Strange threading behaviour

Dave Angel d at
Thu Jun 21 19:07:02 CEST 2012

On 06/21/2012 11:19 AM, Rotwang wrote:
> Hi all, I'm using Python 2.7.2 on Windows 7 and a module I've written
> is acting strangely. I can reproduce the behaviour in question with
> the following:
> --- begin ---
> import threading, Tkinter, os, pickle
> class savethread(threading.Thread):
>     def __init__(self, value):
>         threading.Thread.__init__(self)
>         self.value = value
>     def run(self):
>         print 'Saving:',
>         with open(os.path.join(os.getcwd(), 'bugfile'), 'wb') as f:
>             pickle.dump(self.value, f)
>         print 'saved'
> class myclass(object):
>     def gui(self):
>         root = Tkinter.Tk()
>         root.grid()
>         def save(event):
>             savethread(self).start()
>         root.bind('s', save)
>         root.wait_window()
> m = myclass()
> m.gui()
> --- end ---
> Here's the problem: suppose I fire up Python and type
> >>> import bugtest
> and then click on the Tk window that spawns and press 's'. Then
> 'Saving:' gets printed, and an empty file named 'bugfile' appears in
> my current working directory. But nothing else happens until I close
> the Tk window; as soon as I do so the file is written to and 'saved'
> gets printed. If I subsequently type
> >>> bugtest.m.gui()
> and then click on the resulting window and press 's', then 'Saving:
> saved' gets printed and the file is written to immediately, exactly as
> I would expect. Similarly if I remove the call to m.gui from the
> module and just call it myself after importing then it all works fine.
> But it seems as if calling the gui within the module itself somehow
> stops savethread(self).run from finishing its job while the gui is
> still alive.
> Can anyone help?

I did not study your code, as I'm not very familiar with tkinter.
However, I think I know your problem:

You do not want to try to start up threads from within a import.  An
import is special, and somehow blocks threading while it's running.

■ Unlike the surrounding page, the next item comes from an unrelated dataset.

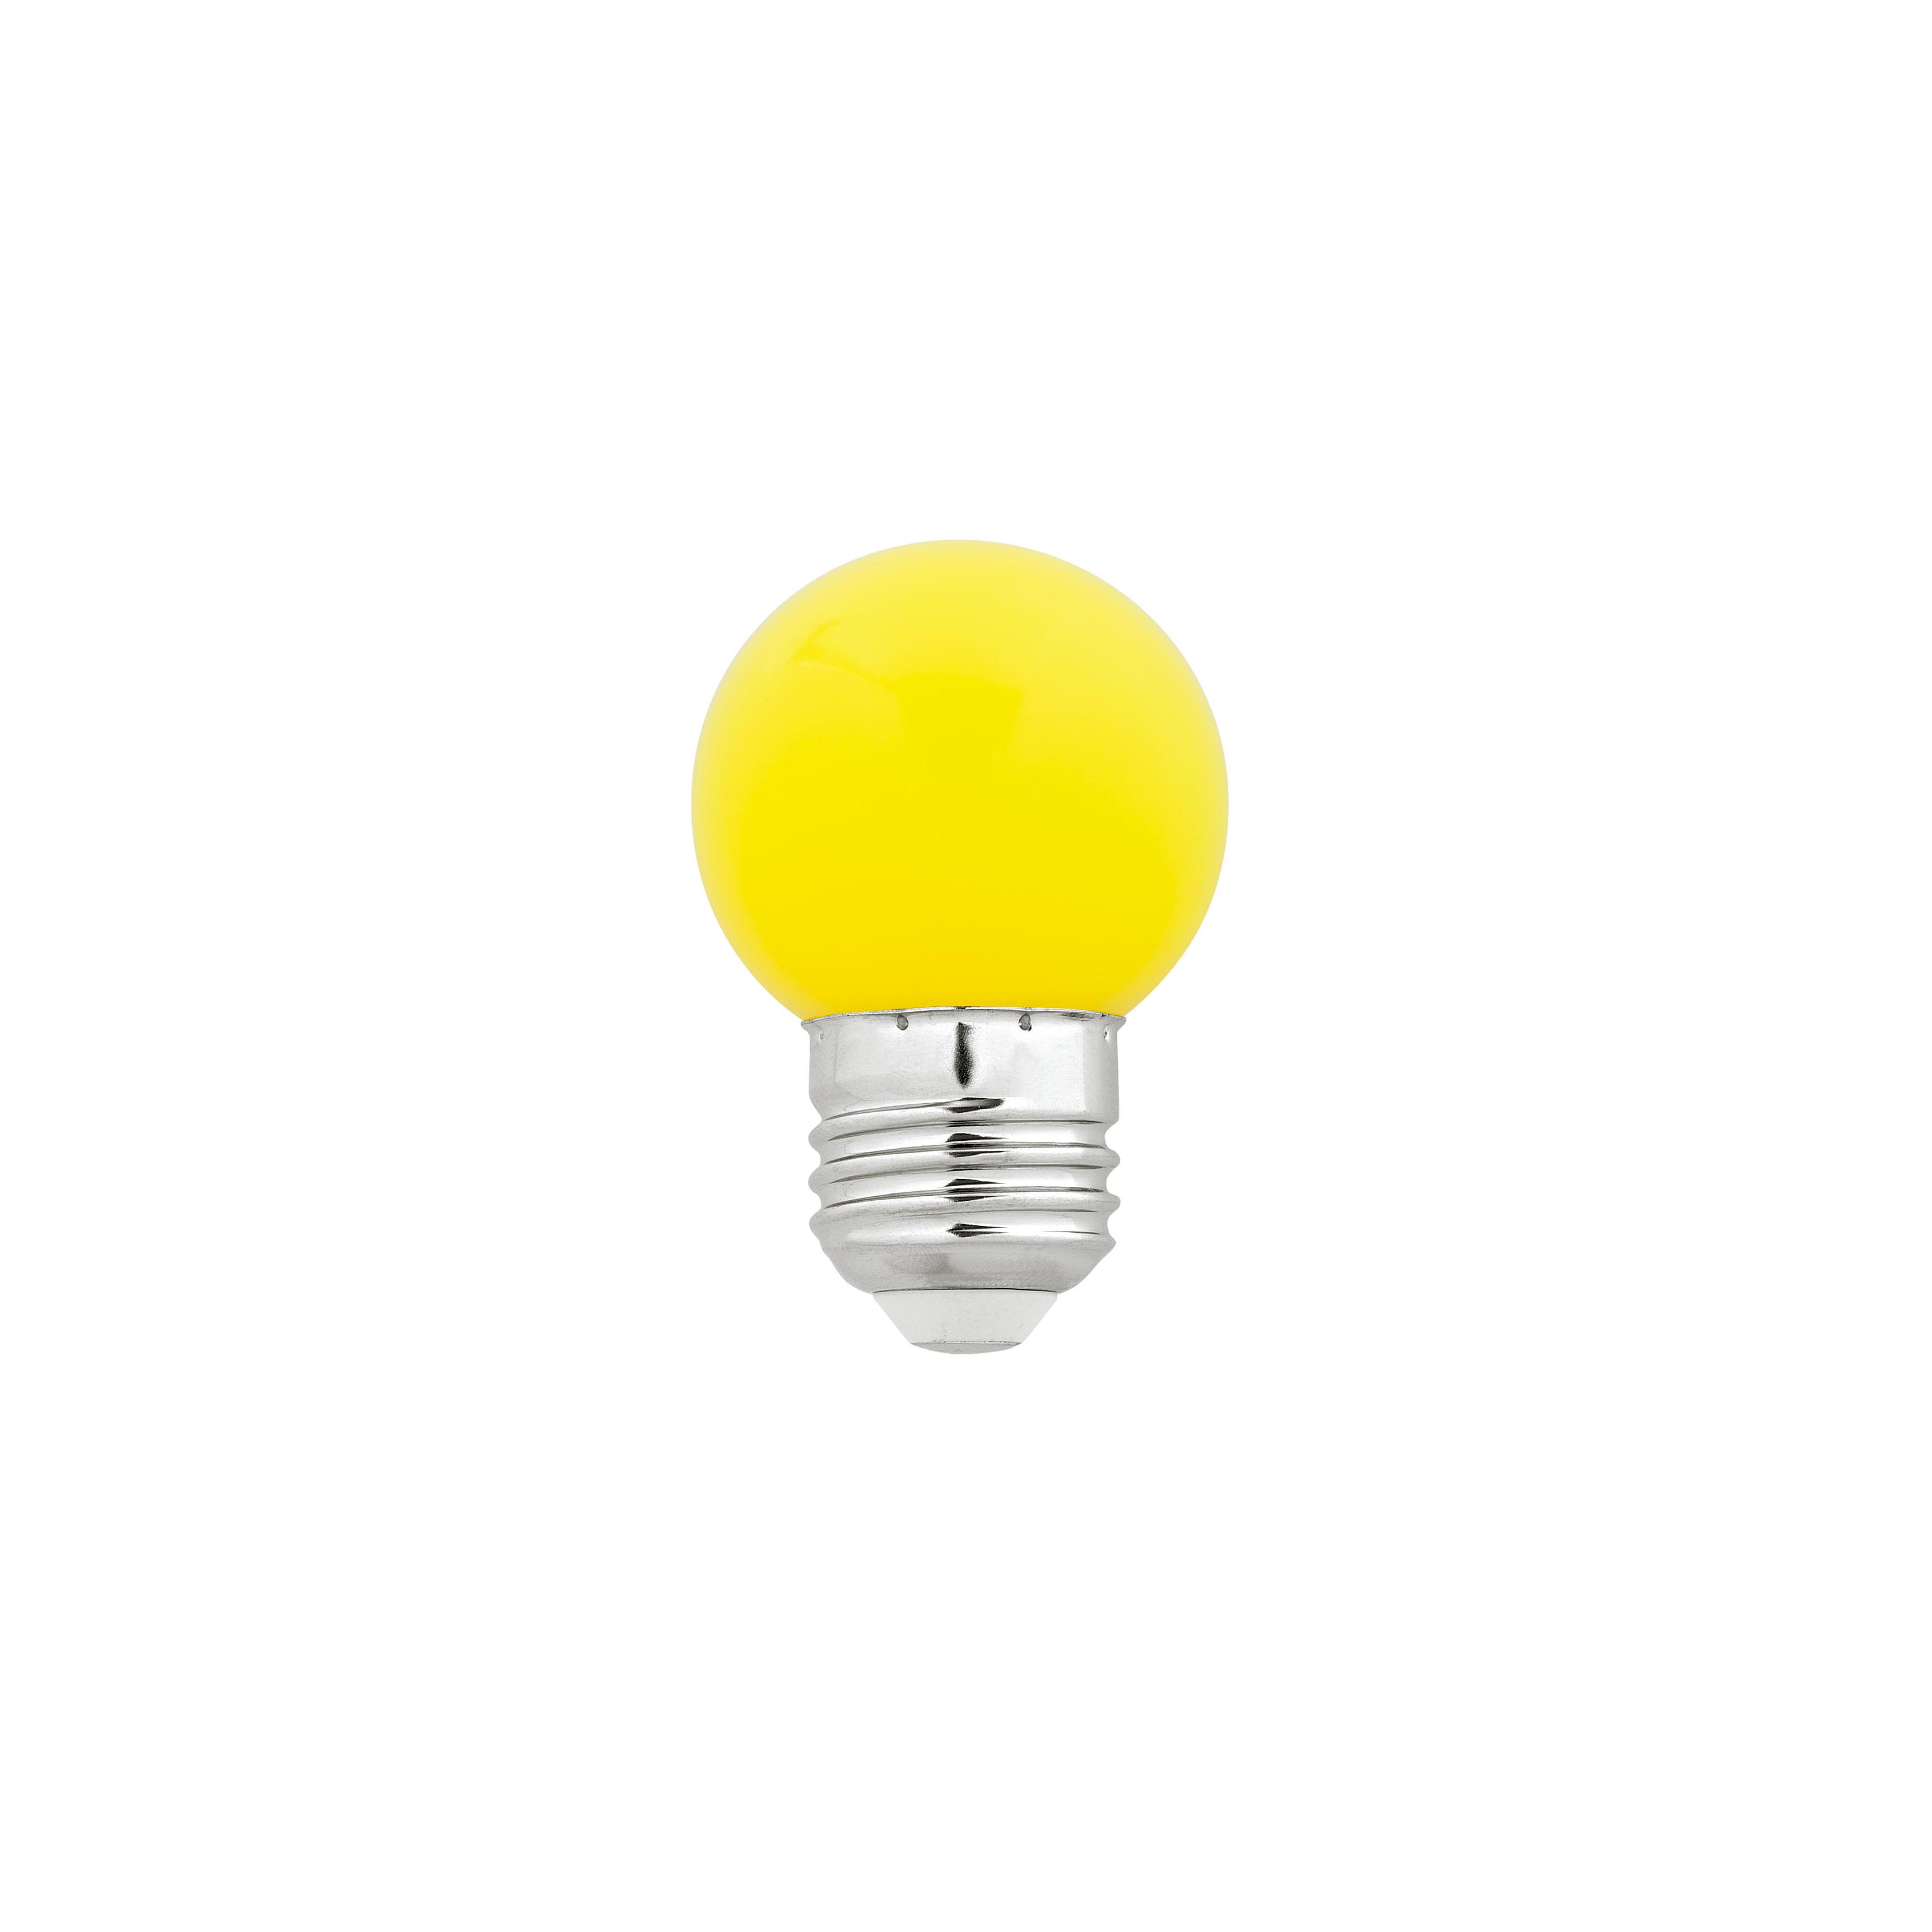 Bombilla LED esférica amarilla guirnalda 1,5W rosca E27

Consequently, a module should not try to do anything too fancy from
within its top-level code.  Add in the traditional:

def main():
    m = myclass()

if __name__ == "__main__":

and just run it from the command line, as    python

And if you want to run it from a interactive python session, do the call
to main() after importing it:

>>>> import bugtest
>>>> bugtest.main()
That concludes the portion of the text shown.